Christian Anfinsen was an American biochemist who advanced molecular biology and protein research. His work illuminated how proteins achieve their three-dimensional structures, a process fundamental to life. A Nobel laureate, he was recognized for his impact on the scientific community.
Christian Anfinsen’s Early Life and Scientific Path
Christian Boehmer Anfinsen Jr. was born on March 26, 1916, in Monessen, Pennsylvania, to Norwegian immigrant parents. His family moved to Philadelphia in the 1920s, where he began his academic journey. Anfinsen attended Swarthmore College on a scholarship, earning a Bachelor of Science degree in chemistry in 1937.
He continued his studies at the University of Pennsylvania, receiving a Master of Science degree in organic chemistry in 1939. A 1939 fellowship from the American-Scandinavian Foundation allowed him to study enzyme structure at the Carlsberg Laboratory in Copenhagen, Denmark, mentored by Kaj Ulrik Linderstrøm-Lang, a scientist known for defining protein structures. World War II prompted his return to the United States in 1940. He pursued doctoral studies at Harvard Medical School, earning his Ph.D. in biochemistry in 1943. Anfinsen remained at Harvard as an instructor and assistant professor until 1950, researching malaria, proteolytic enzymes, and radioactive labeling.
Unraveling Protein Folding The Anfinsen Dogma
Anfinsen addressed a central mystery in biochemistry: how a linear chain of amino acids, known as a polypeptide, folds into a specific, functional three-dimensional structure. He hypothesized that the amino acid sequence itself contained all the necessary information for a protein to spontaneously achieve its correct folded shape.
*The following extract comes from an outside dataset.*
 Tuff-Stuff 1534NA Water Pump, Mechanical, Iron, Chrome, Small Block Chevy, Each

To test this idea, Anfinsen conducted experiments using bovine pancreatic ribonuclease A (RNase A), an enzyme composed of 124 amino acids and containing four disulfide bonds. He denatured, or unfolded, the enzyme using a combination of urea and beta-mercaptoethanol. Urea disrupted the non-covalent interactions that maintain the protein’s secondary and tertiary structures, while beta-mercaptoethanol broke the disulfide bonds.
After denaturing RNase A, Anfinsen removed both denaturing agents. He observed that the protein spontaneously refolded into its original, biologically active conformation, regaining its enzymatic function. This demonstrated that the protein’s primary amino acid sequence alone was sufficient to dictate its specific three-dimensional structure and function.
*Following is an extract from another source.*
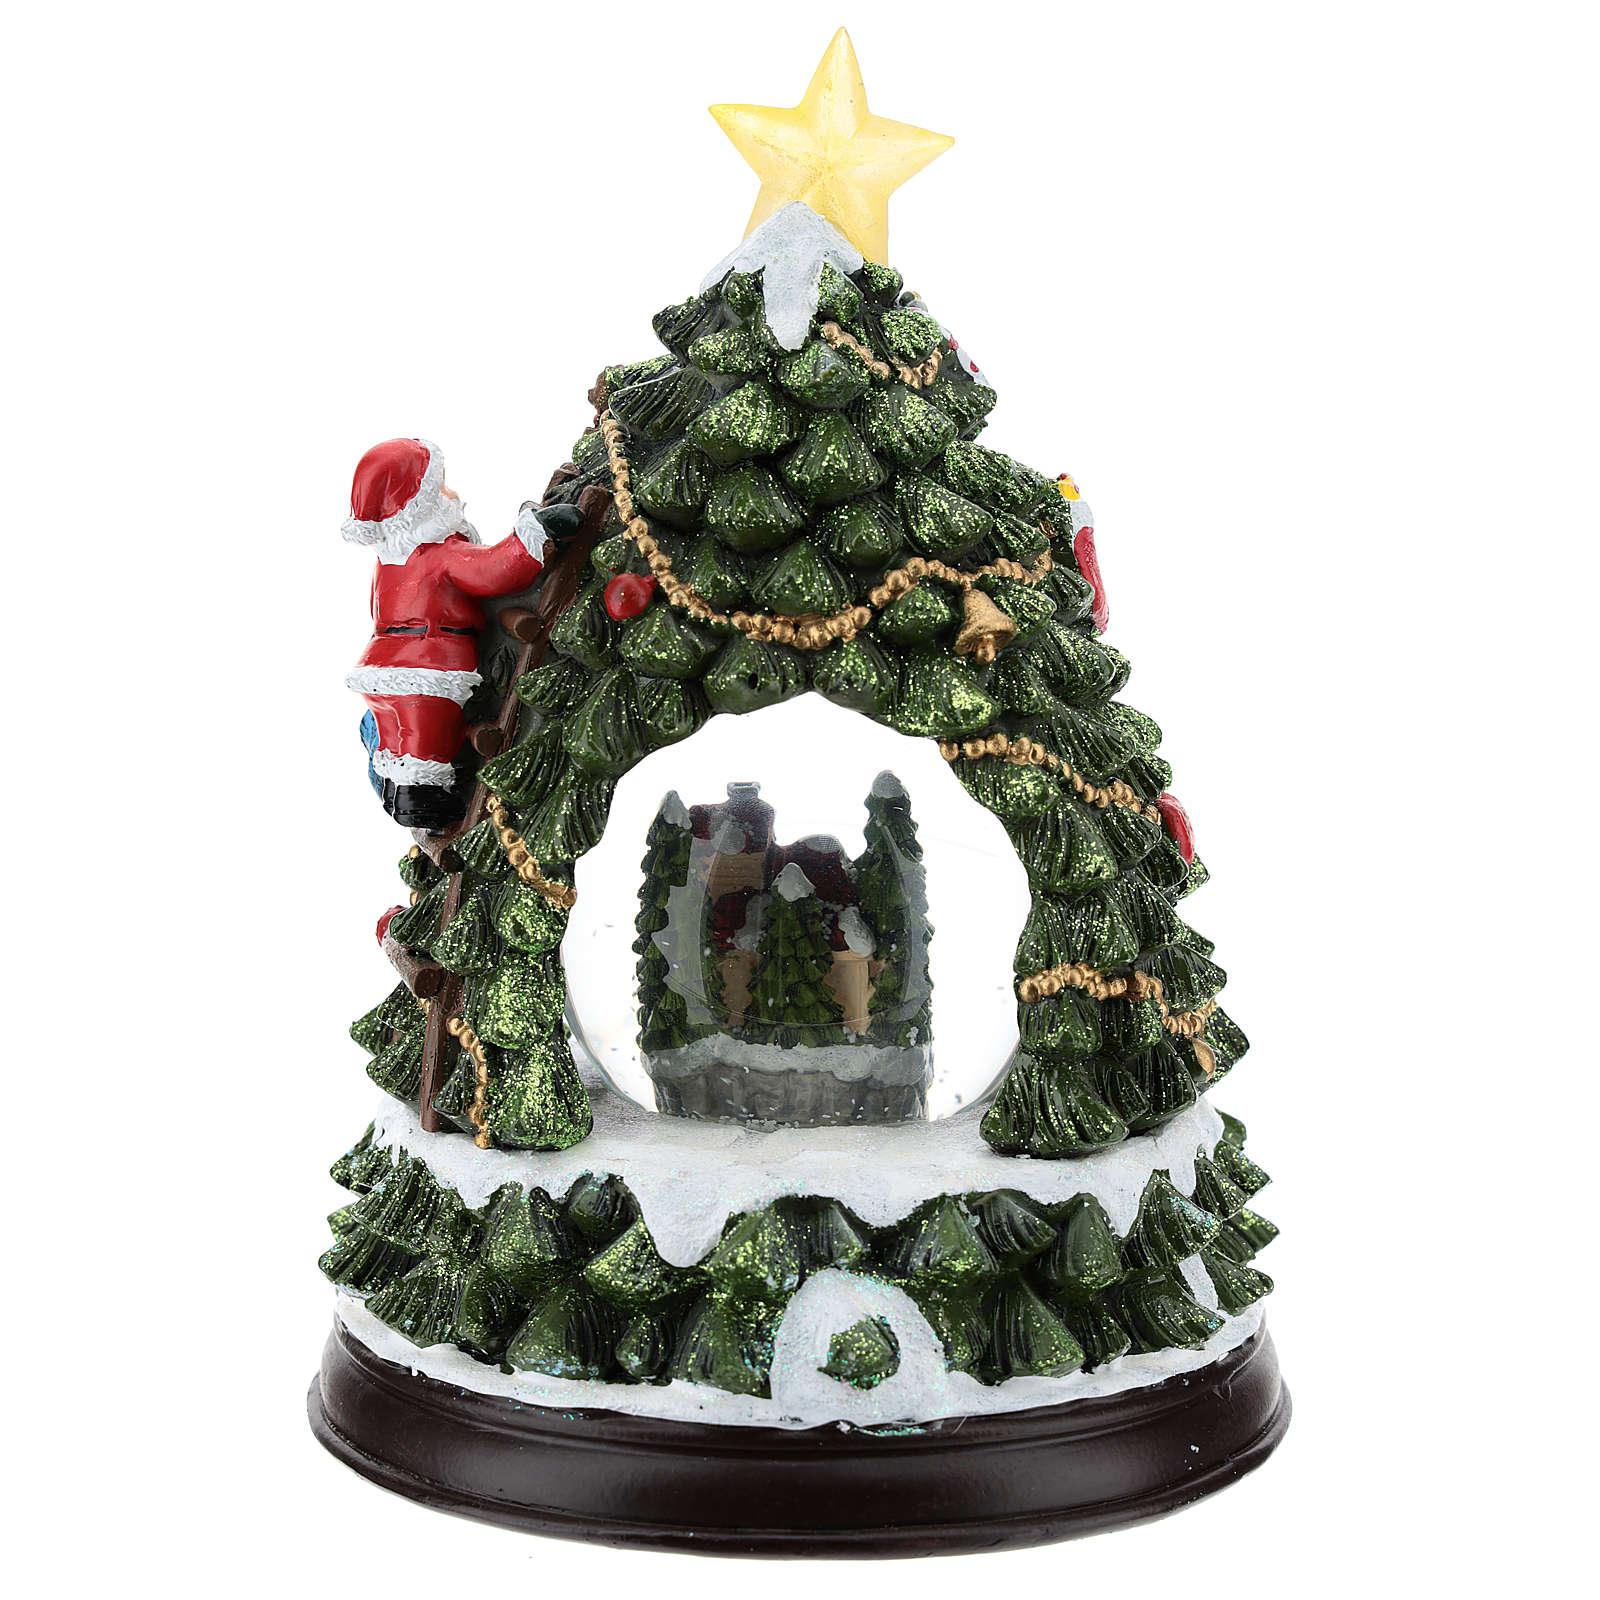 Albero Di Natale Con Foto.Albero Di Natale Con Palla Di Vetro H 25 Cm Vendita Online Su Holyart

This concept became known as the “Anfinsen Dogma” or the thermodynamic hypothesis of protein folding. It posits that the native, functional structure of a protein is the most thermodynamically stable state under a given set of environmental conditions. This means the protein naturally seeks out the lowest energy conformation dictated by its amino acid sequence. Further experiments by Anfinsen reinforced this, showing that if disulfide bonds formed incorrectly, the protein would be scrambled and inactive, but could refold correctly when trace amounts of beta-mercaptoethanol were added, allowing disulfide bonds to rearrange into the most stable configuration.
The Significance of Anfinsen’s Discoveries and the Nobel Prize
The Anfinsen Dogma established a foundational principle of protein structure in biochemistry and molecular biology. This understanding helps comprehend how proteins function and how their misfolding can lead to diseases like Alzheimer’s and Parkinson’s. The ability of proteins to spontaneously fold based on their sequence opened new avenues for research into protein engineering and drug design.
Anfinsen’s work received international recognition. In 1972, he was awarded the Nobel Prize in Chemistry. He shared the prize with Stanford Moore and William H. Stein of Rockefeller University. Their collective contributions focused on ribonuclease, with Anfinsen recognized for his work on the connection between the amino acid sequence and the biologically active conformation.
Moore and Stein were honored for their contributions to understanding ribonuclease’s chemical structure and catalytic activity. While Anfinsen elucidated protein folding, Moore and Stein detailed the enzyme’s amino acid sequence and identified specific amino acids involved in its catalytic function. Together, their research provided a comprehensive picture of ribonuclease, from its linear sequence to its functional three-dimensional form.
Beyond Protein Folding Anfinsen’s Wider Scientific Contributions
Beyond his Nobel-recognized research, Christian Anfinsen held significant leadership roles. In 1950, he joined the National Institutes of Health (NIH) in Bethesda, Maryland, becoming Chief of the Laboratory of Cellular Physiology and Metabolism. He later headed the Laboratory of Chemical Biology at the National Institute of Arthritis, Metabolism, and Digestive Diseases from 1963 to 1982.
Anfinsen also authored the book, “The Molecular Basis of Evolution,” published in 1959. This work explored the relationship between protein chemistry, genetics, and evolutionary theory, highlighting how macromolecular structure information could be used in evolutionary analysis.
His intellectual breadth extended to humanitarian efforts, as he actively promoted human rights for scientists globally.